Des chercheurs en sécurité ont exprimé des préoccupations au sujet d’une page Commerce associée à Coinbase qui invitait les utilisateurs à saisir des phrases de récupération de portefeuille.
La page a été signalée par Yu Xian (Cos), fondateur de la plateforme de sécurité blockchain SlowMist. Il a déclaré : « Je suis vraiment perplexe de voir pourquoi Coinbase proposerait une page comme celle-ci, demandant directement aux utilisateurs d’entrer leurs phrases mnémoniques en clair pour la récupération d’actifs. »
Les phrases de récupération donnent un contrôle total sur les portefeuille. Ne JAMAIS partager avec qui que ce soit. La page était référencée dans un guide d’assistance Coinbase concernant son produit Commerce, mais ce guide a désormais été retiré. Le détective de blockchain ZachXBT a également signalé le problème.

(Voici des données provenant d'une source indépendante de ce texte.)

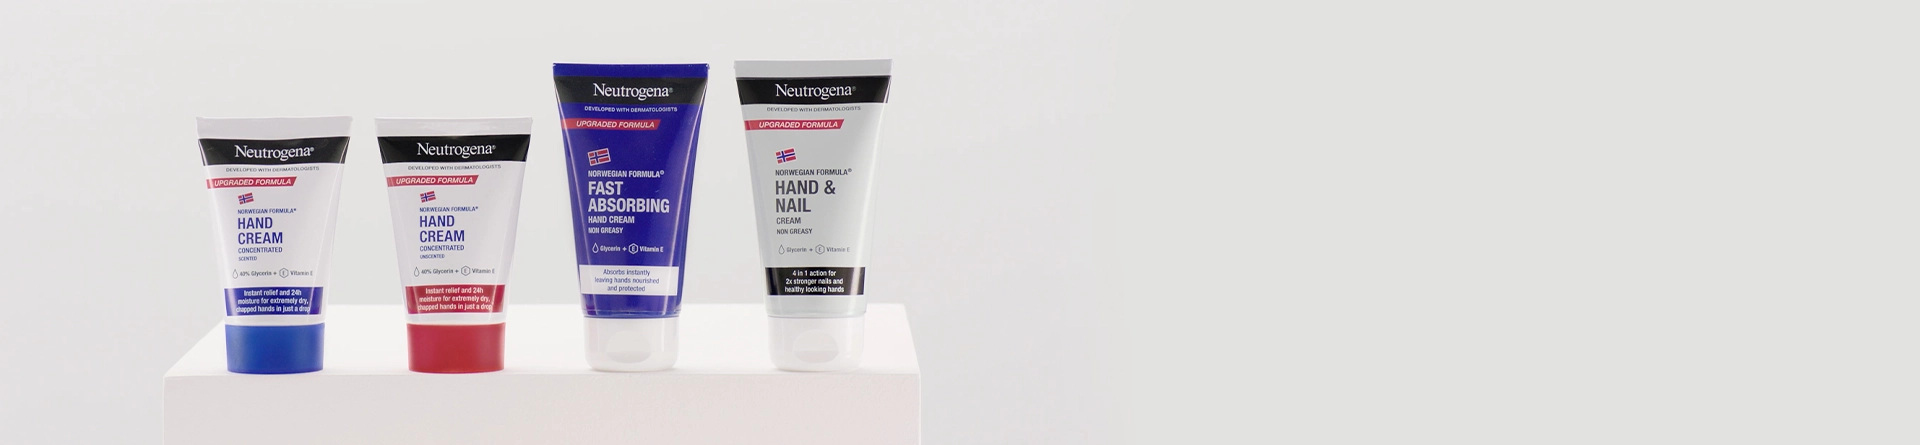 Neutrogena® Hand Cream on hand

Coinbase a averti que des escrocs se font passer pour le service client afin de voler des informations de connexion. Coinbase déconseille de coller les phrases de récupération sur aucun site web.
Implications de sécurité
L’apparition d’une page qui demande explicitement des seed phrases constitue une violation des meilleures pratiques et une invitation aux arnaques par phishing. Les seed phrases sont les clés maîtresses des portefeuille.
Comment l’arnaque fonctionne
Les attaquants pourraient concevoir un message se faisant passer pour le support Coinbase Commerce et demander des phrases de récupération pour récupérer des actifs. La page pourrait ressembler à une page officielle Coinbase, donnant aux utilisateurs un faux sentiment de légitimité.
Comment se protéger
– Ne partagez jamais votre seed phrase avec qui que ce soit
– N’entrez pas vos phrases de récupération sur des sites web
– Utilisez des portefeuille matériel pour une sécurité accrue
– Vérifiez la source avant de cliquer sur les liens
– Coinbase ne vous demandera jamais votre phrase de récupération
Conclusion
Les phrases de récupération ne doivent jamais être exposées. La gouvernance de la documentation et la résilience face aux arnaques sont essentielles pour les exchanges et les services de portefeuilles.